1769-07-31, de Voltaire [François Marie Arouet] à Charles Augustin Feriol, comte d'Argental.

Mon cher ange, j'ai à vous entretenir de la plus grande affaire de l'Europe; il s'agit de la musique de Pandore.
Tous les maux qui étaient dans la boîte affligent l'univers et moi; et je n'ai pas l'espérance qu'on exécute la musique de la Borde. Est ce que made la duchesse de Villeroi ne pourrait pas nous rendre cette espérance que nous avons perdue, et qui était encore au fond de cette maudite boîte?

J'aime bien les Guêbres, mais j'aimerais encore mieux que Pandore réussît à la cour, supposé qu'il y en ait une. En vérité voilà une négociation que vous devriez entreprendre. On veut du Lully; c'est se moquer d'une princesse autrichienne élevée dans l'amour de la musique italienne et de l'allemande; il ne faut pas la faire bâiller pour sa bienvenue. On me dira peut-être que la Borde la ferait bâiller bien davantage; non je ne le crois pas; sa musique m'a paru charmante, et le spectacle serait magnifique.

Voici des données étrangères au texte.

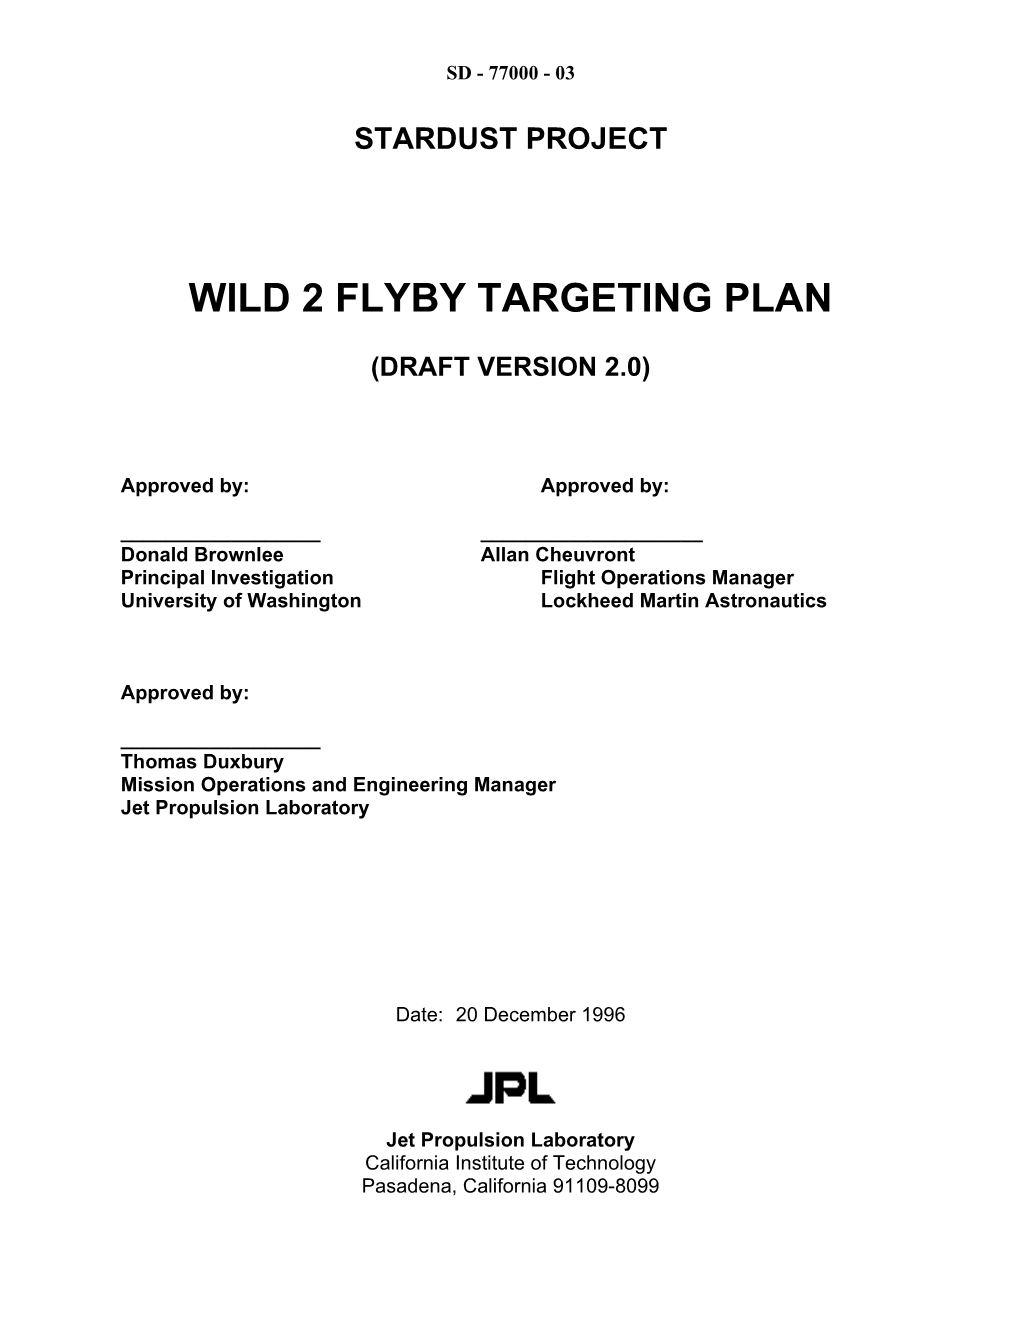 Wild 2 Flyby Targeting Plan

On me dira encore qu'on ne veut point tant de magnificence, qu'on ira à l'épargne; et moi je dis qu'on dépensera autant avec Lully qu'avec la Borde, et que mrs des menus n'épargnent jamais les frais. Mais où est le temps où on aurait joué les Guèbres? Le Tartuffe, qui assurément est plus hardi, fut représenté dans une des fêtes de Louis 14. O temps! ô mœurs! ô France! je ne vous reconnais plus.

Mes anges, je suis un réprouvé, je ne réussis en rien. J'avais entamé une petite négociation avec le pape pour une perruque, et je vois que j'échouerai, mais je n'aurai pas la tête assez chaude pour me fâcher.

Portez vous bien mes anges, et je me consolerai de tout. Je vous répéterai toujours que je voudrais bien vous revoir un petit moment avant d'aller recevoir la couronne de gloire que dieu doit à ma piété dans son saint paradis.